Work to be completed — Scan the records below for the word "Women". Copy each line where it appears.

*** Raw data ***

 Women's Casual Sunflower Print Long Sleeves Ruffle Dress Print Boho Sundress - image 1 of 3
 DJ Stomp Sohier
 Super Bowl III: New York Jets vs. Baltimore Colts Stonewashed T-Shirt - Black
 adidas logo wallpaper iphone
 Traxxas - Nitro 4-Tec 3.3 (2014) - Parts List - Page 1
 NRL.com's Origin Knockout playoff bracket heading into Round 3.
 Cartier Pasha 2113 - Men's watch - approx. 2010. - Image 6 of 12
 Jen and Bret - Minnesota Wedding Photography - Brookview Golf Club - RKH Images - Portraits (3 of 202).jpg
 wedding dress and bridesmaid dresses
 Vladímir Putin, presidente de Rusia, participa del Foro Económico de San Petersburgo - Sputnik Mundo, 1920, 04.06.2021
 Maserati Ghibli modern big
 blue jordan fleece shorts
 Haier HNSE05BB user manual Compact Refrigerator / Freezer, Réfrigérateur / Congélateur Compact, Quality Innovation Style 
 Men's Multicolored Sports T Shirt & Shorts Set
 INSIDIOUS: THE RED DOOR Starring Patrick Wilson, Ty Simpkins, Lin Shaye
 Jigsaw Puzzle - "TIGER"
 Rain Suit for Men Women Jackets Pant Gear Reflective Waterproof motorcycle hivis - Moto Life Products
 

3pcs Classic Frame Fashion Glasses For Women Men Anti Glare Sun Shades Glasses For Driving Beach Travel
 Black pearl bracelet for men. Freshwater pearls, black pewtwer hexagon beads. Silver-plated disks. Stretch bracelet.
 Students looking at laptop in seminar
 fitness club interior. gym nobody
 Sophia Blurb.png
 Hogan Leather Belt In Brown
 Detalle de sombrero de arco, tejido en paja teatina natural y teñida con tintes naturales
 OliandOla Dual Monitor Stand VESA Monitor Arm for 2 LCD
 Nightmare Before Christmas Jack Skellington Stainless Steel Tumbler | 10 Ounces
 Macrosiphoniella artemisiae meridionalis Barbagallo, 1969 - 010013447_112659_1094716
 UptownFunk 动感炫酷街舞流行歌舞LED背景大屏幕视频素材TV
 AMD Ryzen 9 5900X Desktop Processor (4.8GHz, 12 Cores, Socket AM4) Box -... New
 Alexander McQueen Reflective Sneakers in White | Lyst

*** End of Raw data ***

Your response —
 Women's Casual Sunflower Print Long Sleeves Ruffle Dress Print Boho Sundress - image 1 of 3
 Rain Suit for Men Women Jackets Pant Gear Reflective Waterproof motorcycle hivis - Moto Life Products
3pcs Classic Frame Fashion Glasses For Women Men Anti Glare Sun Shades Glasses For Driving Beach Travel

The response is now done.